Ebbene, la comunità che legge queste lettere – e a volte scrive i contenuti che veicolano – ha una ragion d’essere esattamente perché intende contraddire un simile progetto, una simile narrazione.

Quel che m’interessa, e che spero vi interessi, è moltiplicare le opzioni, uscire dagli aut aut, scegliere tutto – se proprio bisogna scegliere. Far questo nel ricco closet della maschilità serve anche a rivelare come le cose che quel closet contiene (o meglio non riesce a contenere) siano talvolta utili persino a costruire il mito di chi rivendica la presunta altra metà del cielo.
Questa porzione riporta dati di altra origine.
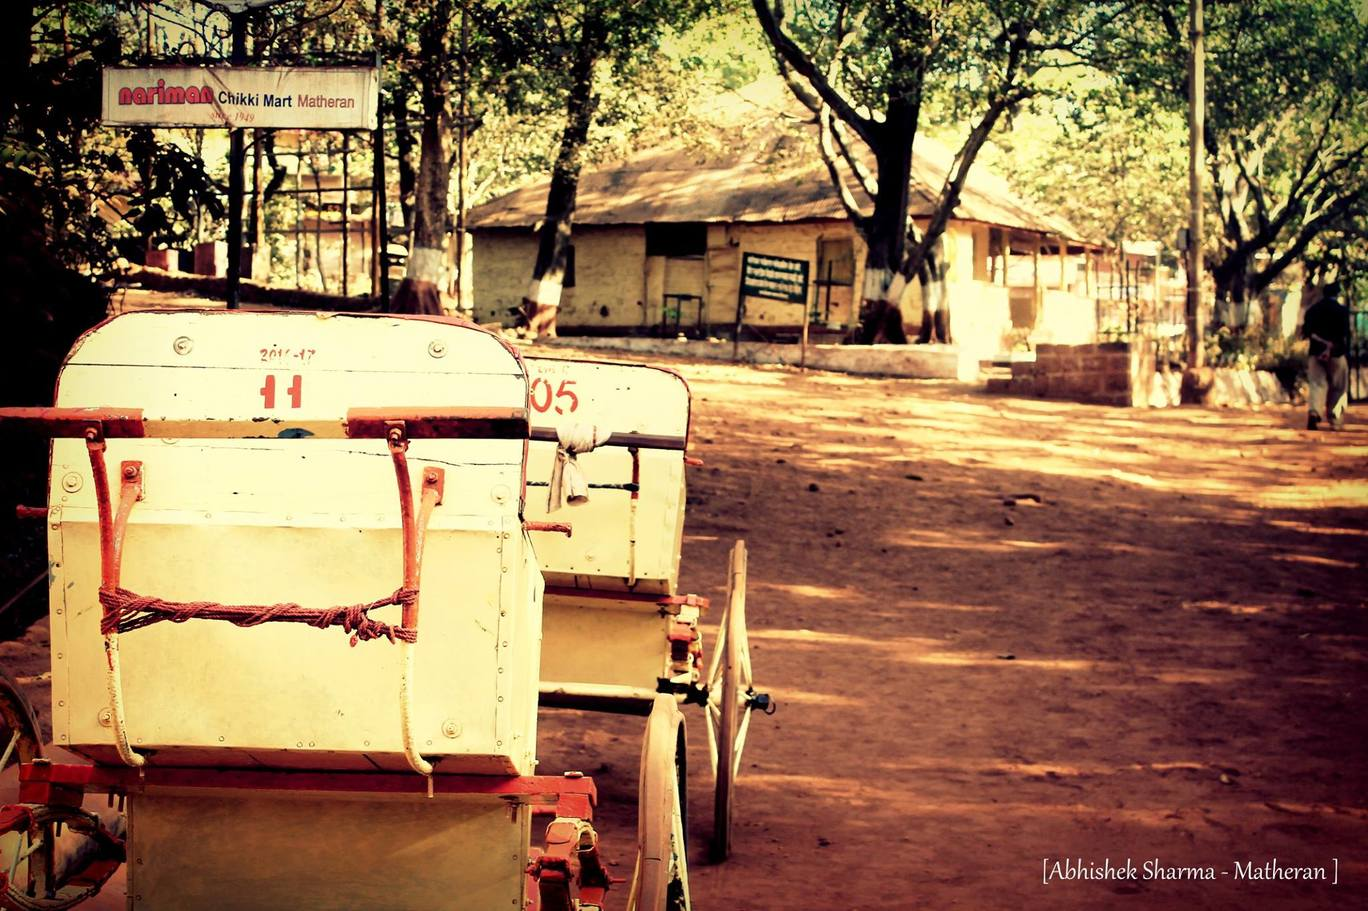 Photo of Matheran...A perfect spot for solitude By Abhishek Sharma

Un closet immenso (l’internet ad alto tasso di maschilità) è quello che esplora l’ospite di questa prima settimana nel nuovo ciclo della rubrica: Andrea Capra, italianista che a volte sembra un germanista e che fino a poche settimane fa sfrecciava in bicicletta nelle più auree californie settentrionali. È ora a Princeton, alla Society of Fellows, a scrivere di cibernetica e intelligenze meccaniche come solo un filologo (o forse un filosofo) può finemente fare.

Andrea, come me, su internet ci è cresciuto, e visto che da ragazzino competeva da gamer a livello professionale ho a lungo desiderato un suo contributo sul joystick (questa tattile cosa da maschi, un po’ onanista, originariamente assai fallica) oppure sui paraphernalia del giocatore al computer – la sedia imbottita, la tastiera luminescente, le gonfie cuffie col microfono tipo Matrix.

Troppo raffinato per una roba tanto banalmente tematica, e troppo poco sedotto – a differenza di me – dall’anima degli oggetti in sé, Andrea ha invece deciso di scrivere una specie di etnografia degli spazi più omosociali della rete. Ci porta dunque soprattutto nei meandri di 4chan e sui server di World of Warcraft, a incontrare femboys e gif pornografiche, ragazzi che performano elfe muliebri e ragazze che trascendono i confini del genere. È un pezzo bellissimo, pieno di link, e mi auguro che questa settimana troviate il tempo di leggerlo qui su Domani in digitale.

Mi auguro anche che apprezziate il ritorno dell’ormai leggendario Didier Falzone, il cui superbo collage sulle medaglie combina la grazia del meta-ritratto botticelliano di un ignoto ragazzo (che mostra appunto, agli Uffizi, una medaglia di Cosimo il Vecchio, resa con realismo impressionante impastando del gesso tridimensionale alla pittura) con le enigmatiche teste inorganiche dell’immaginario dechirichiano – il capo-capitello mi fa pensare in particolare al fratello di de Chirico, Alberto Savinio, e ai suoi ritratti in cui le teste sono sostituite da riccioli, impasti materici, brani d’archeologia.

L’alleanza verbo-visiva con Didier, con mio grande orgoglio, continuerà nei numeri seguenti. Il prossimo, che arriverà forse quando già sapremo l’esito delle consultazioni post-elettorali, girerà significativamente intorno al letto, al condividere il letto, al trovare spazio in popolatissimi letti (da maschi).